Partnerships Already Underway

New regulations enacted last year empower EGC to form alliances with mining companies specifically to tackle the artisanal mining issue. Building on this framework, EGC has secured its first collaboration agreement with Eurasian Resources Group (ERG) in February 2024. ERG manages numerous copper and cobalt deposits where the two metals often occur together.

In parallel, EGC is engaging with Chengtun Congo Resources Sarl—a subsidiary of China’s Chengtun Mining Group Co.—to process copper and cobalt output. The entity is also exploring a potential partnership with Virtus Minerals Inc., an American firm that acquired several copper and cobalt assets earlier this year.

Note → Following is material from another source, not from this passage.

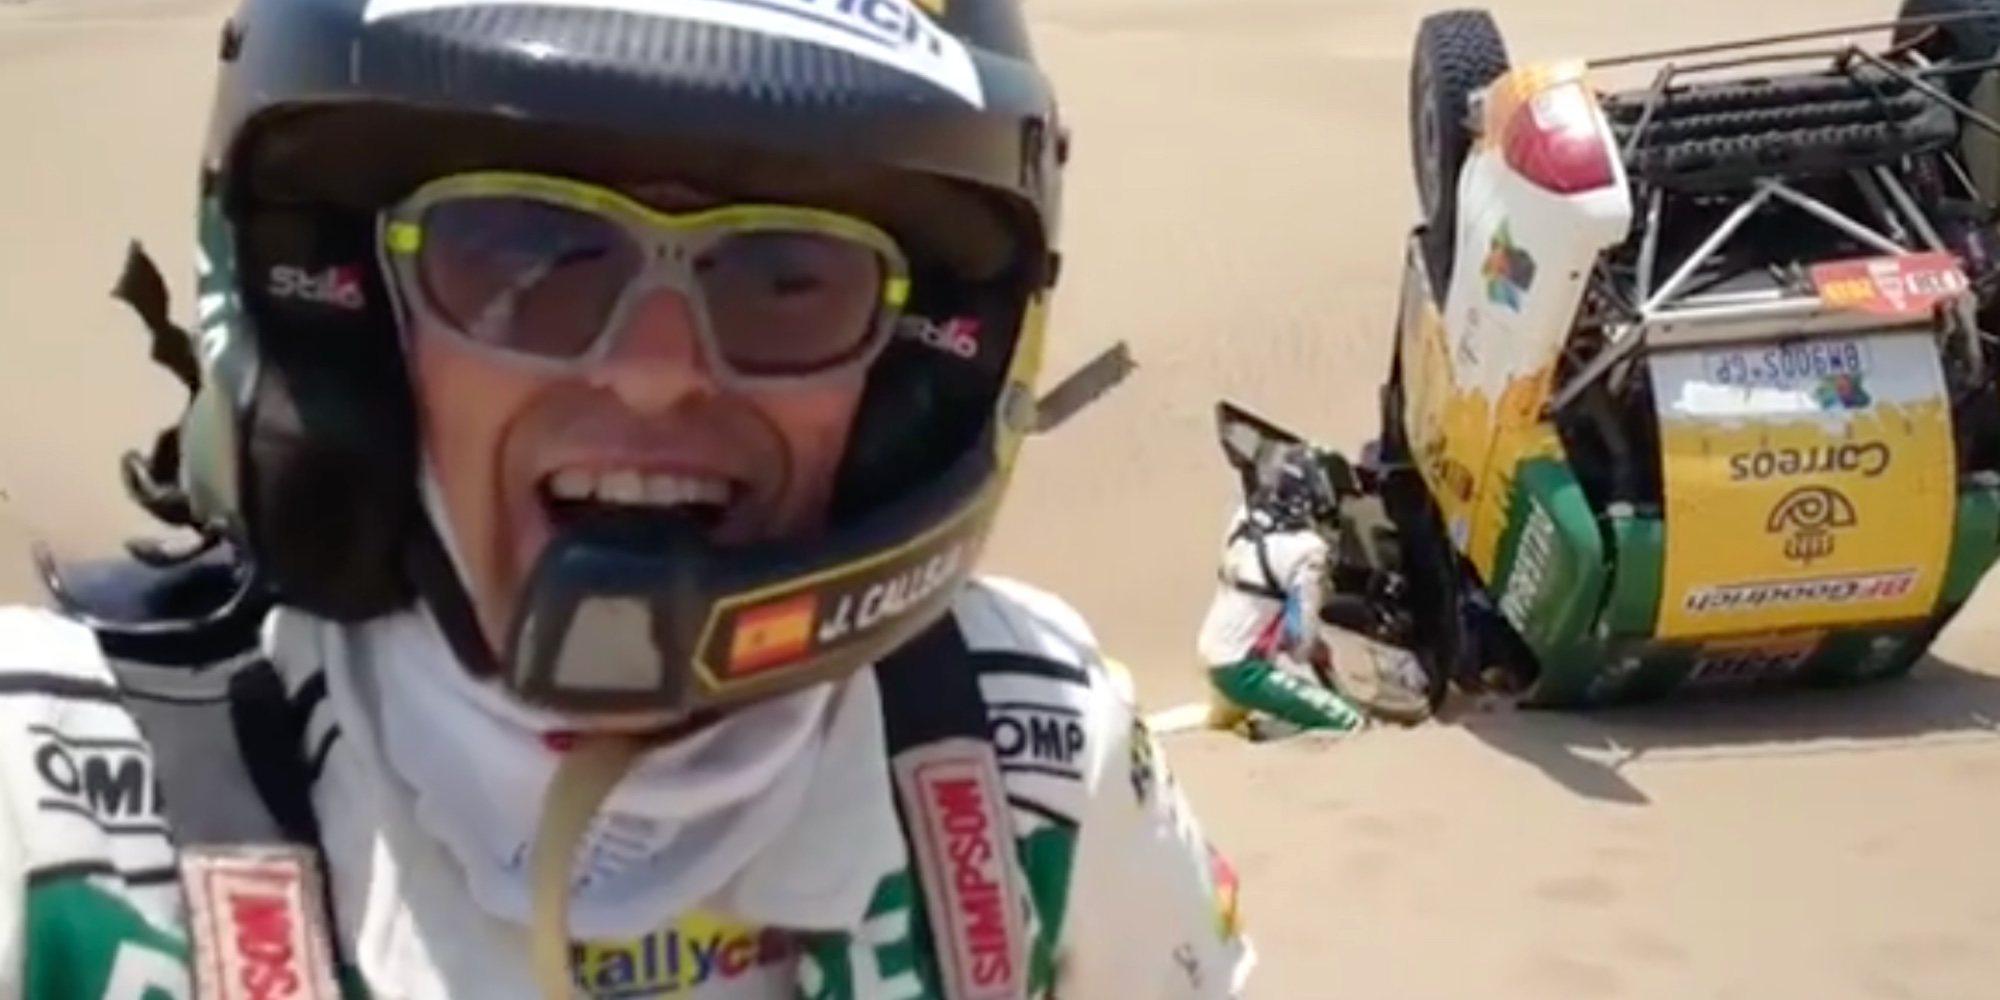 Jesús Calleja abandona el rally Dakar por tercera vez tras un desafortunado accidente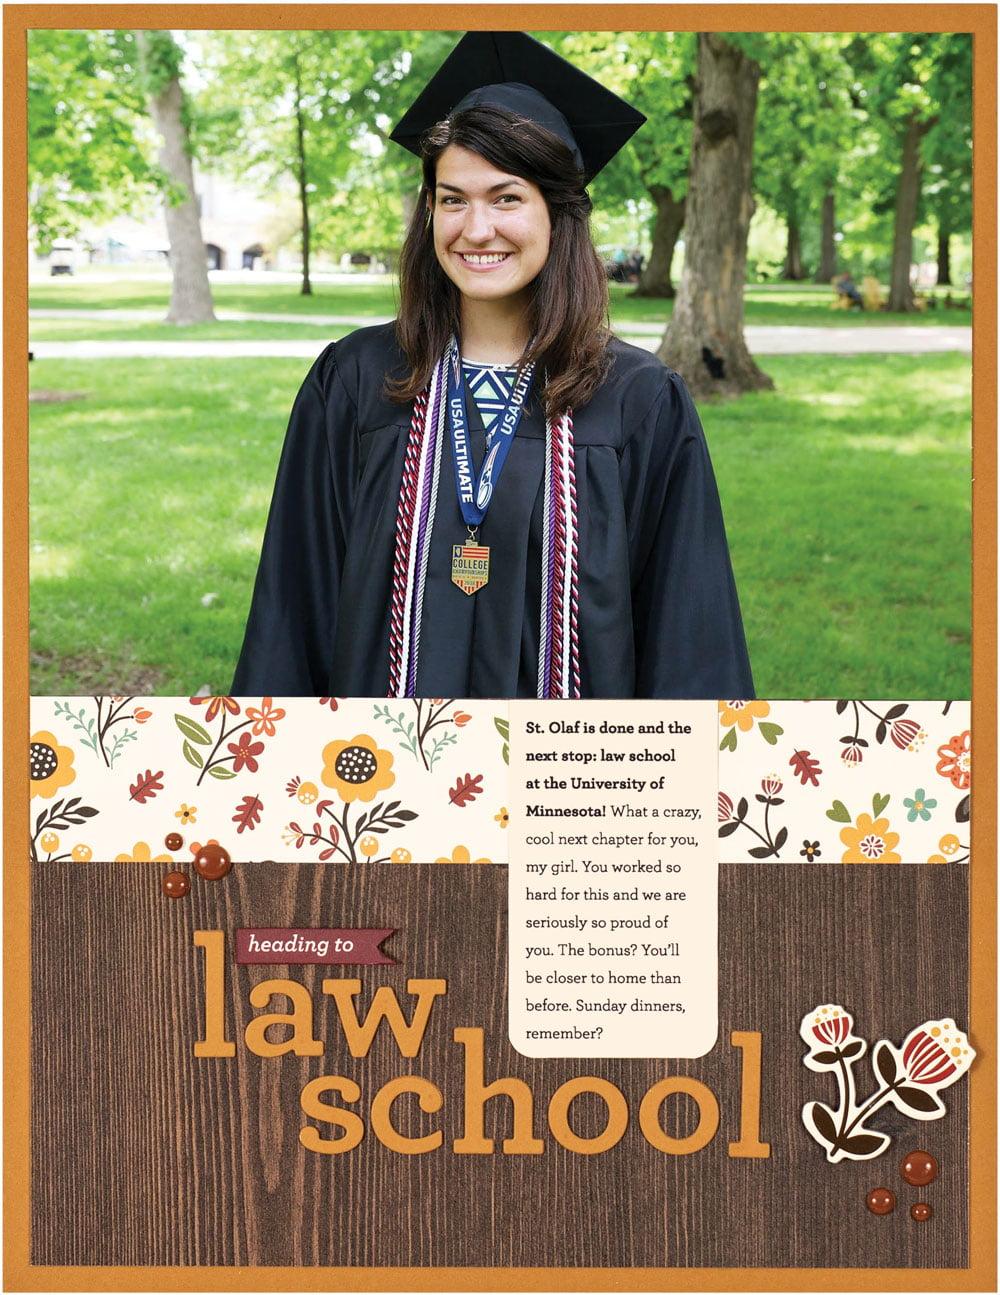 SCT Fall 2018 - Law School by Cathy Zielske

These arrangements are intended to provide artisanal cooperatives with access to training, equipment, and market linkages, thereby reducing the incentive to operate outside the formal system.

Funding and Security Measures

The Mining Inspectorate General has indicated that the project will receive financial backing from both the United States and the United Arab Emirates. An initial tranche of $100 million is earmarked to deploy up to 3,000 armed recruits by December 2024, with a longer‑term objective of expanding the force to 20,000 “mine guards” nationwide by 2028.

However, the U.S. Embassy in Kinshasa clarified that the United States government is not currently financing units tasked with patrolling or guarding mines in Congo. The embassy emphasized that Washington remains committed to supporting economic growth and stability through broader strategic partnerships rather than direct funding of mine security forces.

Outlook and Remaining Challenges

While the proposed model offers a pathway to formalize artisanal activity, several hurdles remain. Effective implementation will require clear demarcation of allocated parcels, robust monitoring mechanisms, and ongoing dialogue between EGC, mining companies, and local communities. Moreover, ensuring that the designated zones do not become flashpoints for conflict over resource access will be critical.

If successful, the strategy could serve as a replicable example for other mineral‑rich regions seeking to balance the livelihoods of artisanal workers with the operational needs of large‑scale mining enterprises.